Influence of QD Morphology on Photoluminescence in GaSb/GaAs Multilayers

Due to the predicted composition and strain dependence of type I versus type II band offsets, GaSb/GaAs quantum dots (QDs) are promising for a variety of optoelectronic applications. For GaSb/GaAs multilayers, atomic structures ranging from QDs, quantum rings and clusters have been observed, with photoluminescence (PL) energies ranging from 0.9 to 1.3eV. However, the association of these emission energies with specific nanostructure morphologies remains elusive.
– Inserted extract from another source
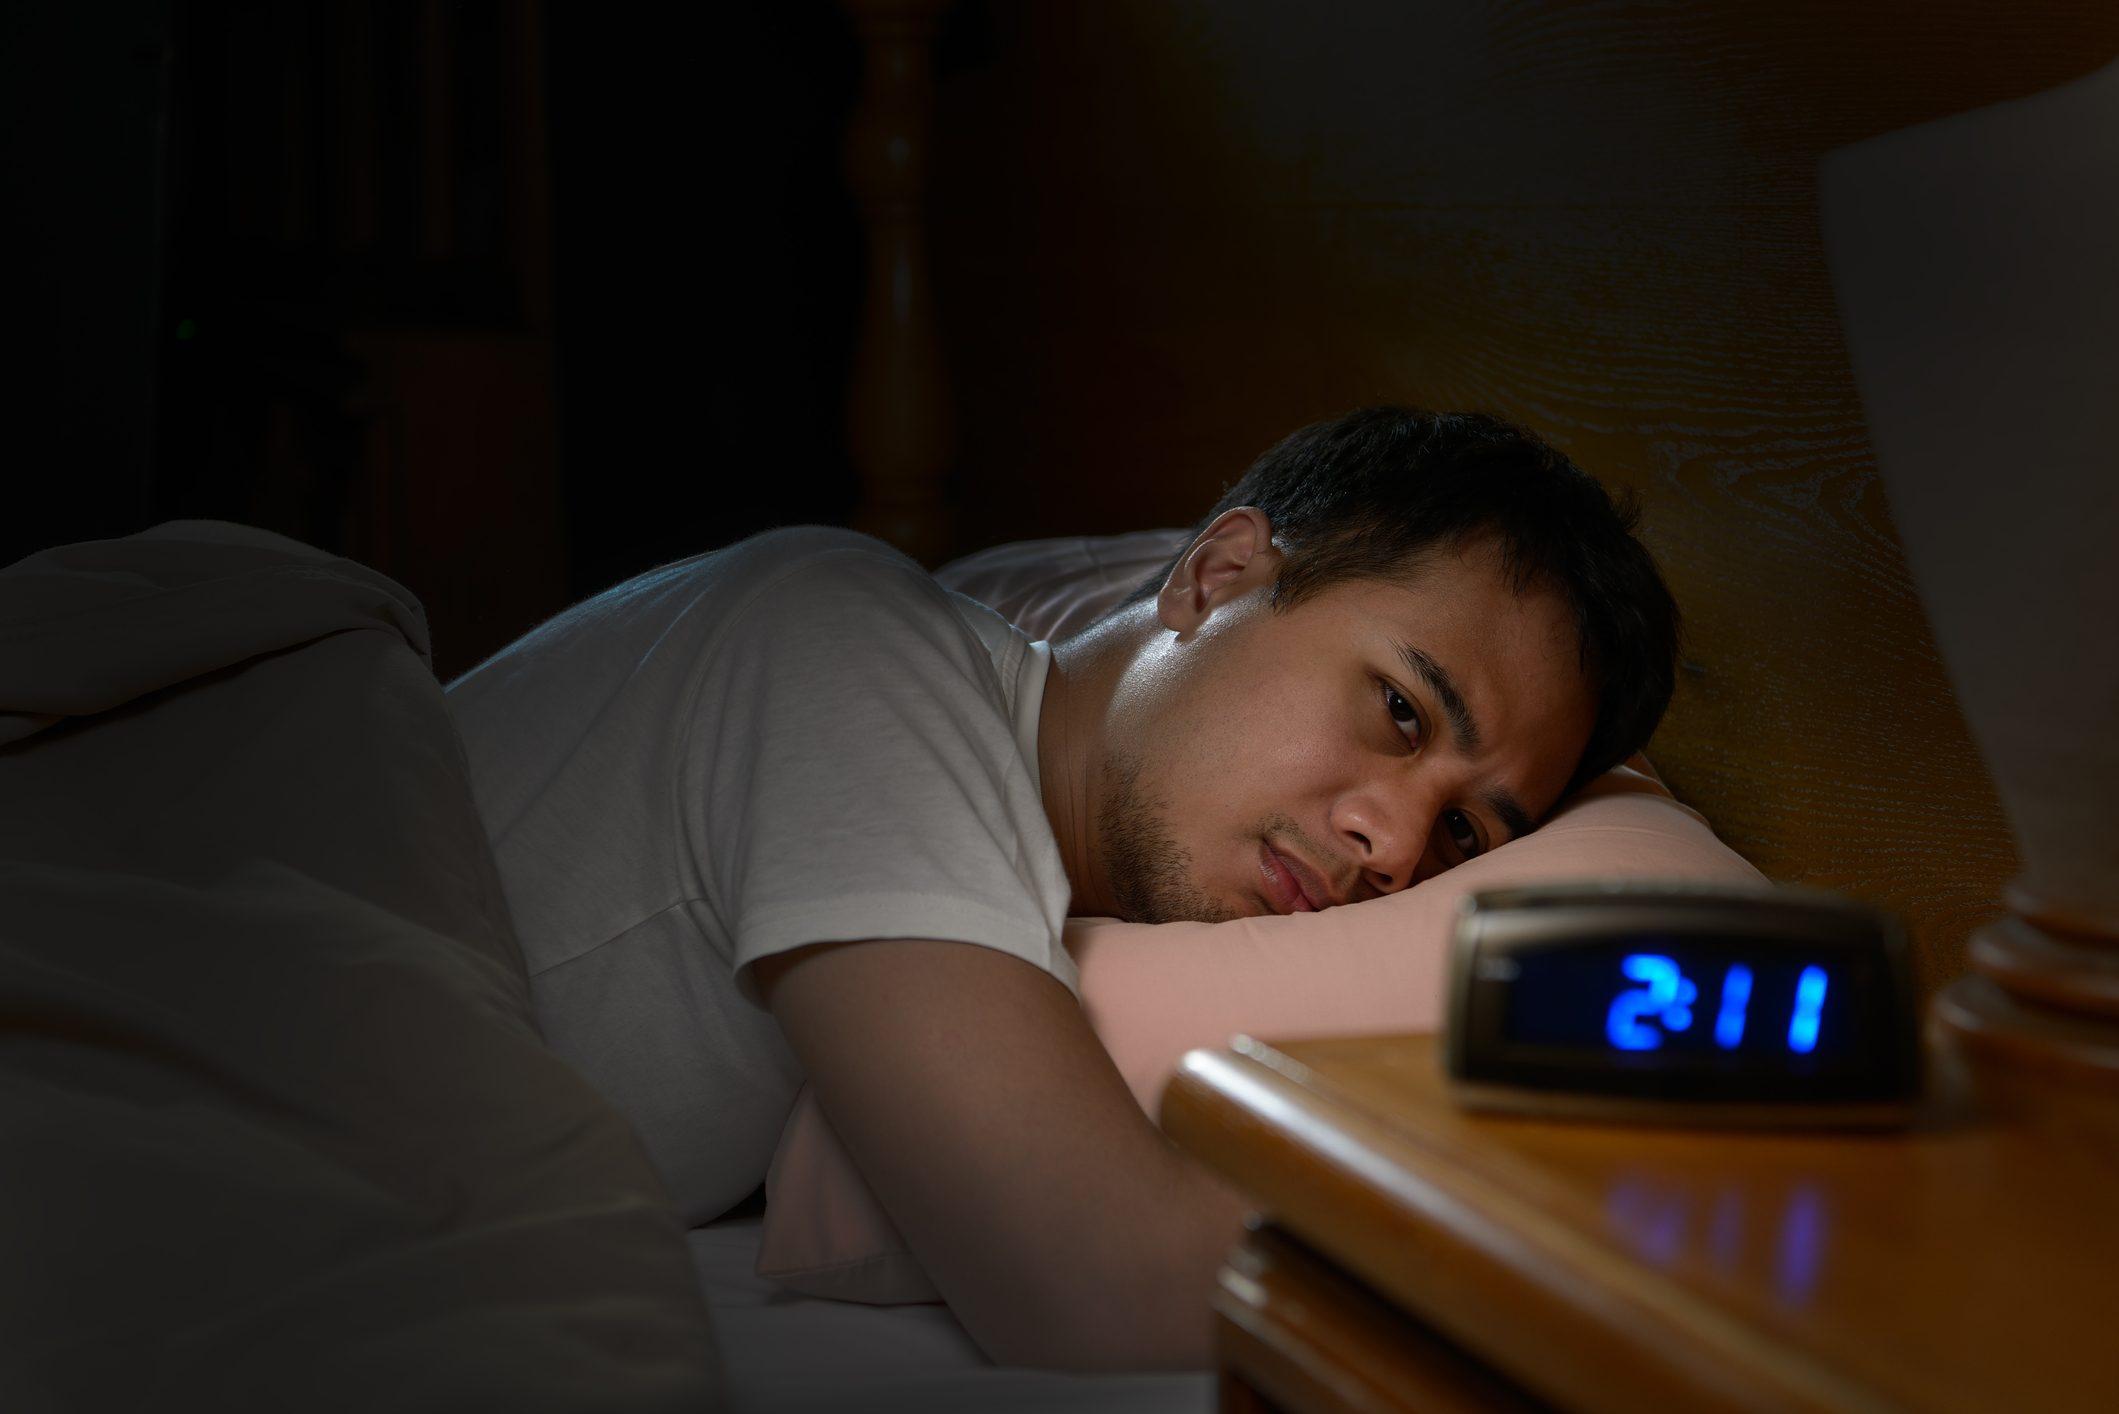 man unable to sleep at night

We investigate the structural and optical properties of GaSb/GaAs multilayers, with and without 3D nanostructures, using cross-sectional transmission electron microscopy, atom probe tomography (APT), and PL. In both cases, we find PL energies at 1.33eV and 1.49eV, which are attributed to 2D GaSb(As) layers and the GaAs matrix, respectively. For the case with 3D nanostructures, both individual QDs and circular arrangements of QDs, termed QD-rings, are observed. For both cases, Sb-rich cores are apparent, with x_Sb up to 0.40 (individual QDs) and 0.25 (QD-rings). Thus, we attribute 1.08 eV and 1.2 eV emissions to the individual QDs and QD-rings, respectively. Local measurements of the electronic states using scanning tunneling spectroscopy will also be presented.